Denosumab: Summary of the LUMC studies and The DeFiD trial – Dr. Natasha Appelman-Dijkstra at the 2023 FD/MAS Community Conference and ICFDMAS meeting

Dr. Natasha Appelman-Dijkstra discusses LUMC on Fibrous Dysplasia/McCune-Albright Syndrome (FD/MS), focusing on denosumab and burosumab. Differences between the care at LUMC and NIH are highlighted, emphasizing a mix of monostotic and polyostotic cases at LUMC.

Denosumab study: Positive effects observed, including decreased lesion size on sodium fluoride PET scans.
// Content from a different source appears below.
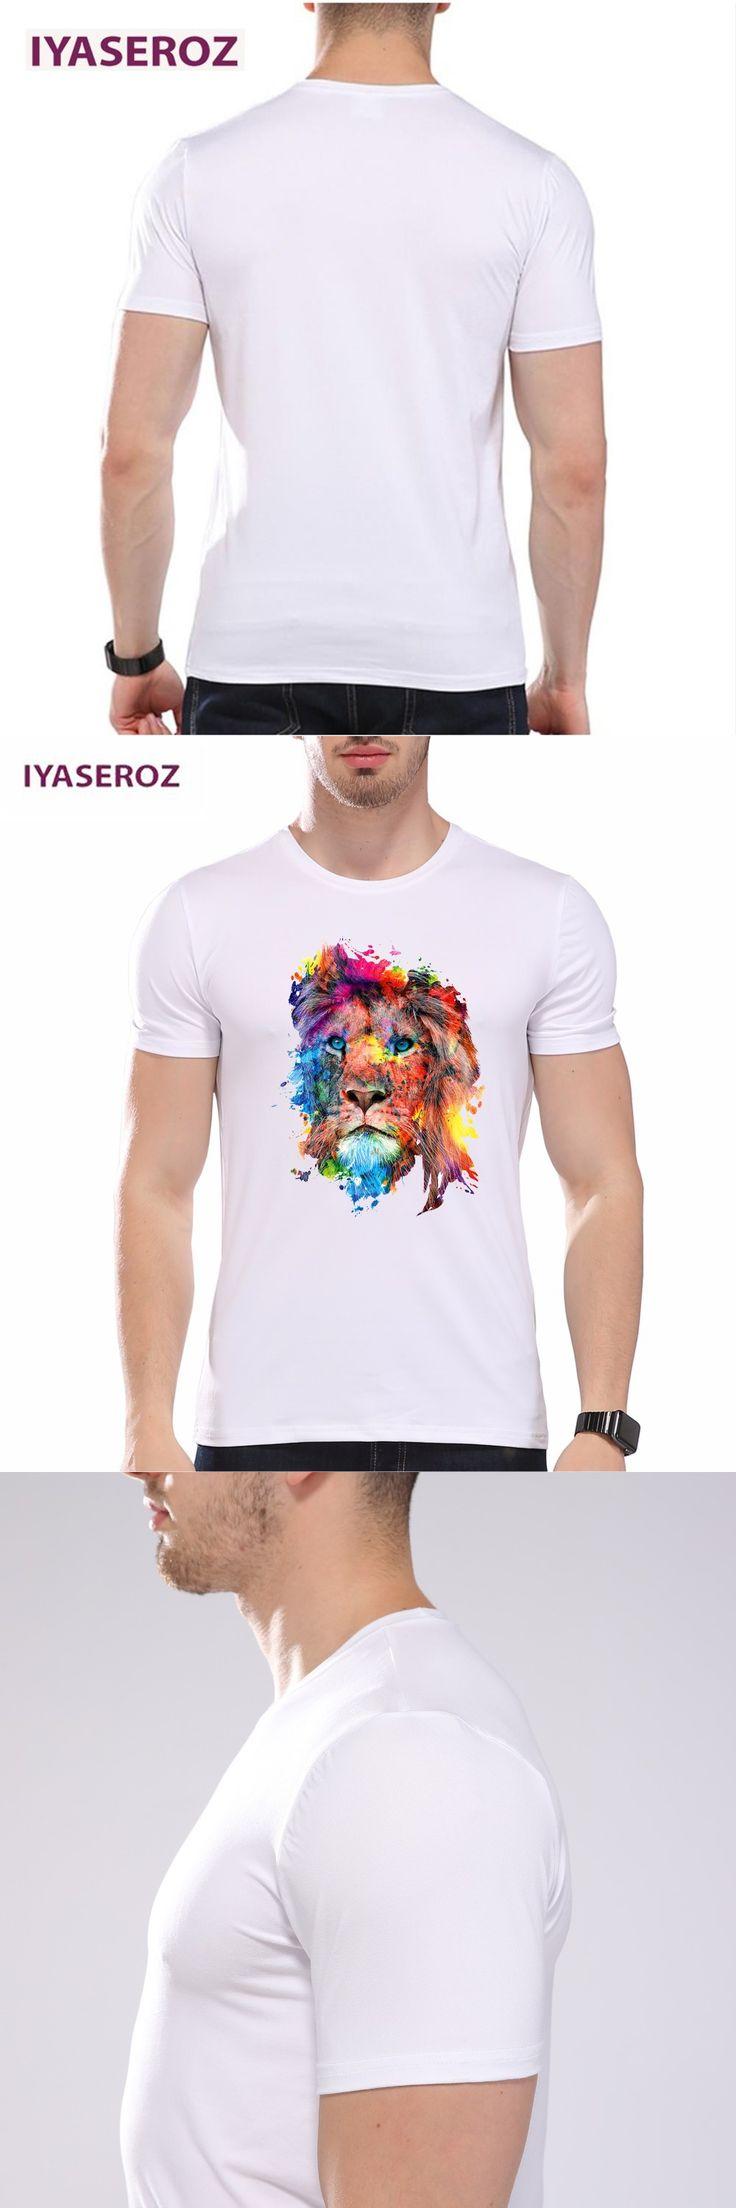 IYASEROZ 2017 Men's  Summer Halajuku Modal T-shirt Funny Colorful Lion Design Print Plus Size Short Sleeve Tops Tees for Unisex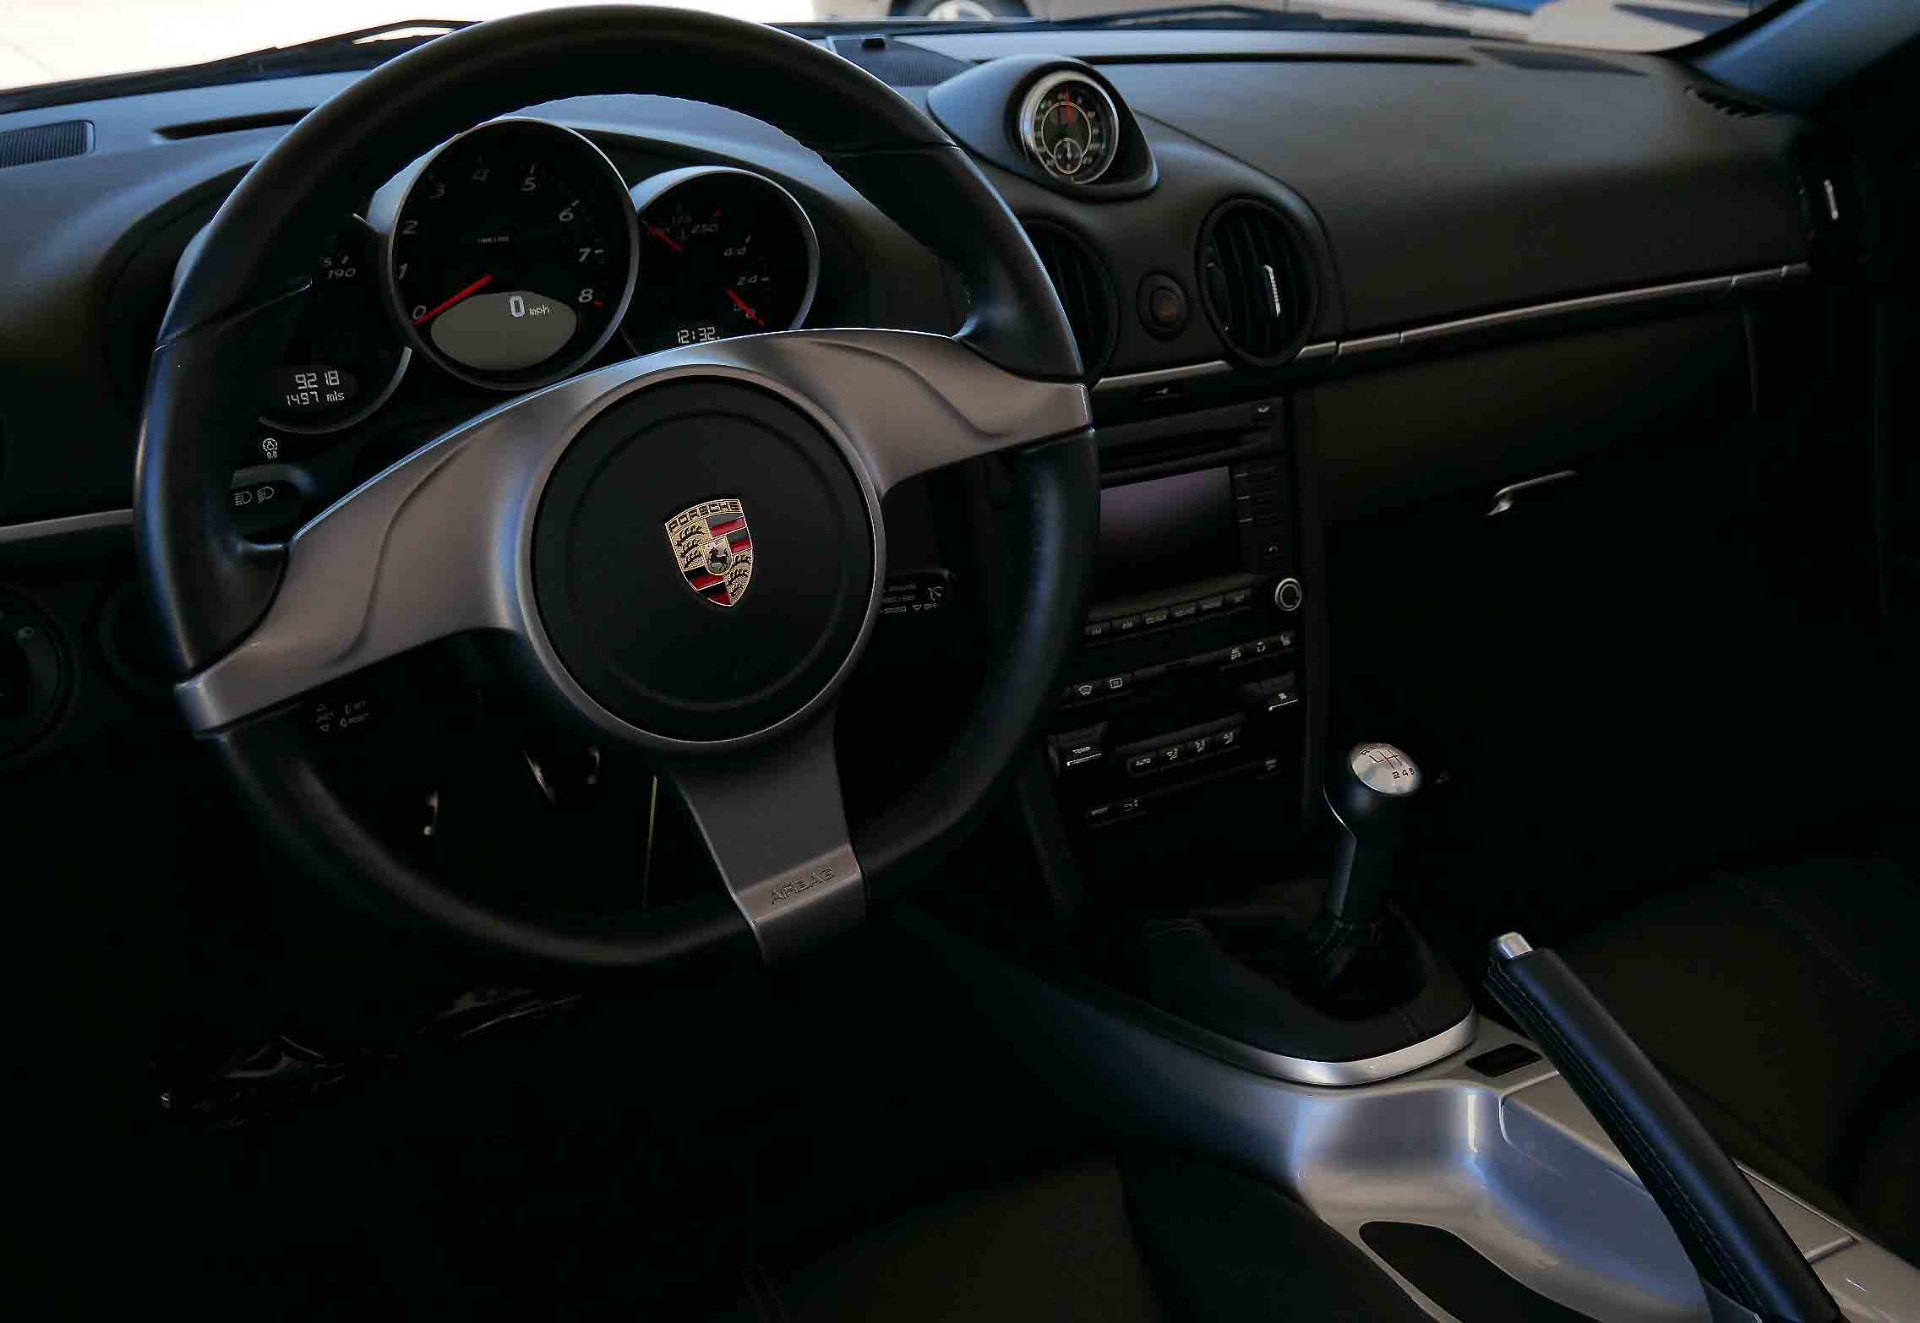 Used 2011 Porsche Boxster Spyder Marietta Ga

Burosumab study: Investigating hypophosphatemia treatment in FD patients. Safety endpoints include monitoring FD lesion activity and bone biopsies.

Patient testimonial: Positive effects of denosumab shared, emphasizing individualized treatment approaches.

Insurance coverage concerns: Addressing challenges related to expensive medications and advocating for high-normal phosphorus levels as a therapeutic goal.

Dr. Appelman-Dijkstra also emphasized the need to move beyond presenting case reports in the literature and focus on larger studies involving more patients.

The FD/MAS Alliance Community Conference combined patient-centered science and real-world strategies for patients and families living with fibrous dysplasia, McCune-Albright syndrome (FD/MAS).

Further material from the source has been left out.